KTDA moves to beat cheating clerks

Business

By Robert Nyasato

For years, Josephine Moraa, a small-scale tea farmer in Kisii has been a victim of falsification of green leaf weight by collection clerks at the buying centre.

At the buying centre, the collection clerks employed by her factory, which is managed by Kenya Tea Development Agency (KTDA), call the shots.

"The clerk’s word is final. Even if the leaf I deliver weighs 20kg and the clerk says it weighs 15kg, that is what is recorded," laments Moraa, who has been in the tea growing business for over 20 years.

At the end of the day, the clerk would sell the extra weight of leaf robbed from farmers to bogus tea growers who are registered with KTDA as genuine, but have no tea farms on the ground.

In fact, there is a common joke in the area that some unscrupulous farmers have tea farms at the buying centre and earn more than the genuine growers.

Moraa says that if a farmer insisted on being given full payment for their crop, the clerk would threaten not to buy her leaf again. And in most cases, the clerks have had their way.

And in doing this, the clerks have so many loopholes to exploit. Key among these has been the manipulation manual weighing scales to defraud farmers. So rampant has been the practise that a number of growers either abandoned tea farming or resorted to hawking their crop to brokers acting for multinational tea companies.

But thanks to KTDA, this is set to change. The tea marketer has come up with a new technology that is likely to eradicate the menace and cushion the farmers from exploitative clerks.

KTDA ICT Group General Manager Mwende Gatabaki says they have introduced an Electronic Weighing Scale Solution (EWSS), a new digitalized technology to replace the manual scales. "With this innovation, falsification of green leaf weight at the buying centres would be a thing of the past," Gatabaki says.

"The machine records the weight on delivery and issues an electronic receipt instantly. The clerks neither read and record the weight nor issue a receipt."

Electronic access

The new technology also links 57 of KTDA’s tea processing factories to the head office in Nairobi, thereby enabling farmers to electronically access information about payments due to them each month.

And that is not all there is to the technology. It now takes under three days up from six months to register a new grower, thanks to a more-efficient recording system of the number of growers.

The new technology – the first of its kind in the agriculture sector – saw KTDA post Sh40 million in savings previously spent on communication and Sh64 million in labour and energy costs.

Thanks to the innovation, KTDA is now going places.
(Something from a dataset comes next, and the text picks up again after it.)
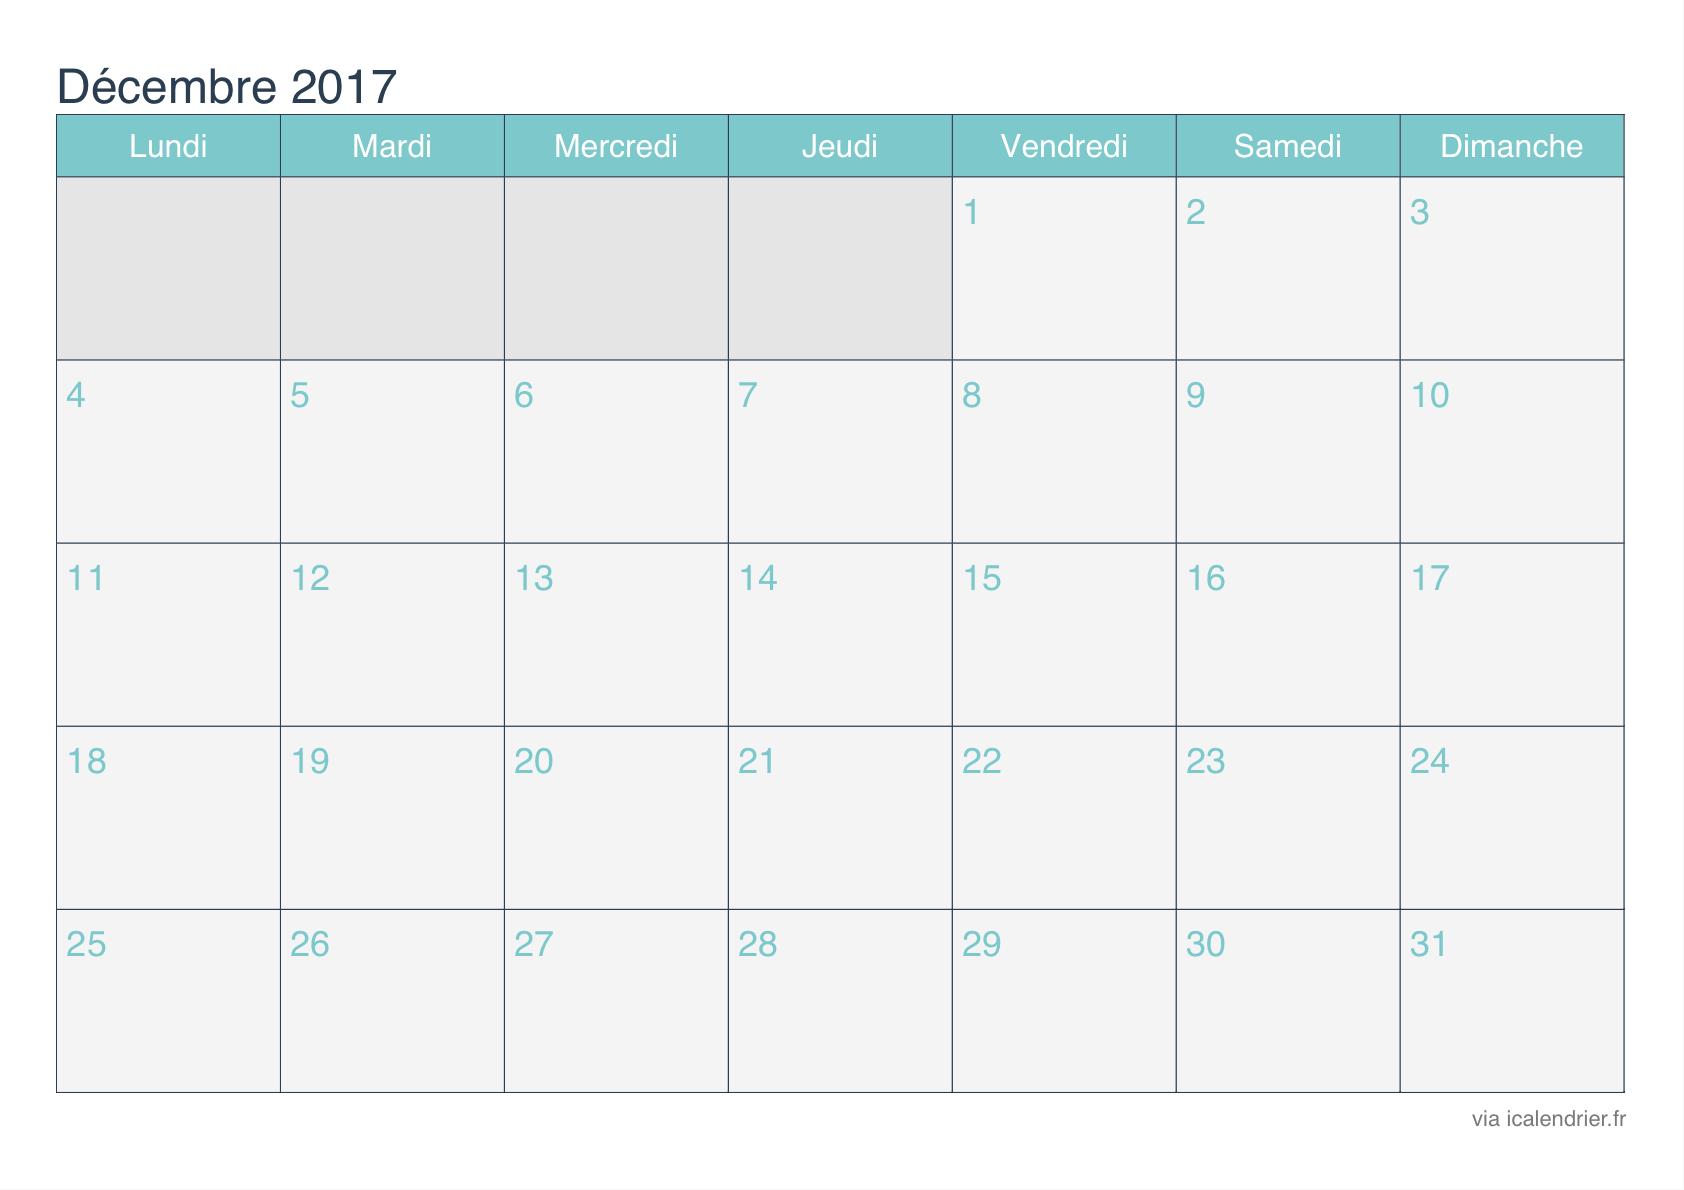 Calendrier Décembre 2017 À Imprimer - Icalendrier encequiconcerne Calendrier 2017 Imprimable

It recently scored an African first by bagging the CIO 100-2009 ICT global award since the award was initiated 22 years ago by the US-based CIO Magazine.

Business value

According to CIO Editor-in-Chief Ms Maryfran Johnson, 100 companies that are creating new business value by innovating with technology are annually honoured worldwide.

They also must demonstrate excellence and achievement in IT to make it to the list.

Others awarded included Kaiser Parmanente (US) in the healthcare ICT category and

Jetblue Airways (US) for using ICT as the rock of business transformation.

Eliminating cheats

The electronic capturing system was piloted for one year up to September in selected factories before it was rolled out to the rest.

Gatabaki said the system has helped to eliminate "ghost growers" who were paid without providing tea.

Region six ICT coordinator Enock Ogara says it costs about Sh4.5 million to install the new system in one factory. The EWSS is wireless and employs the Bluetooth technology and has an accuracy of 0.1.

The system comprises three devices including a mobile-phone size computer known as Portable Device Assistant (DPA), an electronic scale and small printer.

Once a farmer puts his leaf on the electronic scale, it records the weight after stabilising, and then automatically reflects it on the PDA. All the clerk does is to press ‘accept’ button for the printer to produce a receipt. The receipt bears cumulative weight of the farmer’s monthly deliveries.

The transaction is then transmitted to the factory central computer system and the same is replicated at KTDA headquarters to facilitate payments to the farmer. Previously, one had to carry the information manually to Nairobi.

The PDA has all data about the farmers who are only required to produce the registration number, which when fed into the system, produces details of the farmers and the payments due to them.

Each factory needs 10 EWSS machines with two acting as back-ups. The devices use rechargeable batteries with lasting about 12 hours.

Under standard conditions, each factory should have eight leaf collection lorries. Each would be assigned a clerk with one SWSS on a particular route. This move is departure from the past where each buying was allocated a clerk.

"The new technology will render some clerks redundant while the farmer will realise good returns on the crop as costs on communication, and labour are scaled down substantially," Gatabaki says.